[WHAT YOU WILL DO]
Below are records. Find each line in them that holds the word "about" and copy it.

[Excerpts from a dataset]
****************************************
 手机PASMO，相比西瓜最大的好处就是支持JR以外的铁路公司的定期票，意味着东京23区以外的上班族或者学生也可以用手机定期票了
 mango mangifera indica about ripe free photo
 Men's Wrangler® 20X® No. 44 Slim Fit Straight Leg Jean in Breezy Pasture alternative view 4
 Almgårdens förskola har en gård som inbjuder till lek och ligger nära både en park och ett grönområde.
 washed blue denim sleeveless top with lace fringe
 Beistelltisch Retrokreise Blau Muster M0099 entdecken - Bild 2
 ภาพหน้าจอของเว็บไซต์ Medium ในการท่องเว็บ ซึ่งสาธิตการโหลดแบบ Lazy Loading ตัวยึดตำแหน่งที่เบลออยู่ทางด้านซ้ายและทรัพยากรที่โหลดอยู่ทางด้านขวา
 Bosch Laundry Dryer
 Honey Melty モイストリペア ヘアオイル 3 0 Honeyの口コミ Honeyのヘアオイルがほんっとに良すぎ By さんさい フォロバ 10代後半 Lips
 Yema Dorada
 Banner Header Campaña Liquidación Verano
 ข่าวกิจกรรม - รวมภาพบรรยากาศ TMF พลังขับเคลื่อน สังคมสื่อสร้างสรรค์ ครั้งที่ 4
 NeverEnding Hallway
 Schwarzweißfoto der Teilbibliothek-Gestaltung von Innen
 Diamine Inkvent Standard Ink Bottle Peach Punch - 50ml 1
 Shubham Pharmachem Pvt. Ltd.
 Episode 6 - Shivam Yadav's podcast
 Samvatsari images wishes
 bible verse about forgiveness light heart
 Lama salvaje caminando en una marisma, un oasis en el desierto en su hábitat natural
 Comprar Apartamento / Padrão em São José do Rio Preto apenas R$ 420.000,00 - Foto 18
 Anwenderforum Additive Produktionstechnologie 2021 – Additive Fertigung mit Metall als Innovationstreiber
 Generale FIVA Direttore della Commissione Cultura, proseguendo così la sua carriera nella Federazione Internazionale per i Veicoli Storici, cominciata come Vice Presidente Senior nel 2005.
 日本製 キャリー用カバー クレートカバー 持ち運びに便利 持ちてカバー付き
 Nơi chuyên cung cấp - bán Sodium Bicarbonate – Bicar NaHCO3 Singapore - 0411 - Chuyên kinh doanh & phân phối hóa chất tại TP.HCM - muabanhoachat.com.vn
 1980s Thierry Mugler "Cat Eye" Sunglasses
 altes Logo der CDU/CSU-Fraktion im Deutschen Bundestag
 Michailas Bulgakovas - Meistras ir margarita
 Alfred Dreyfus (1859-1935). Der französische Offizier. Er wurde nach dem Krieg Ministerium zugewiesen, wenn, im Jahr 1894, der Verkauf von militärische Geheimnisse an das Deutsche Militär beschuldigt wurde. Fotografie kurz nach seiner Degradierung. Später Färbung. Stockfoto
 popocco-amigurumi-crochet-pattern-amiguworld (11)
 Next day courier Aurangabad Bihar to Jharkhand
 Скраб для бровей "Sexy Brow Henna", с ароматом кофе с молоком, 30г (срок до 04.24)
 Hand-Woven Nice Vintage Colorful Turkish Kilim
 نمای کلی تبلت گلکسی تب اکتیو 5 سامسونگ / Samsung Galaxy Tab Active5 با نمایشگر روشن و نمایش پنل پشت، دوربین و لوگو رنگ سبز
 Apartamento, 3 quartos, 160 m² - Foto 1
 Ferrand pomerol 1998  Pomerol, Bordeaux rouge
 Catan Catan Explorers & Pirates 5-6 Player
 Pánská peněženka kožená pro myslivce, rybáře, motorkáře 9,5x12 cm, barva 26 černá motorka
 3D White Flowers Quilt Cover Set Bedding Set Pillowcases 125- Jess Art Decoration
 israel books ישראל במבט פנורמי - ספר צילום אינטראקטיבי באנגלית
****************************************
[SOLUTION FOR THIS TASK]
 mango mangifera indica about ripe free photo
 bible verse about forgiveness light heart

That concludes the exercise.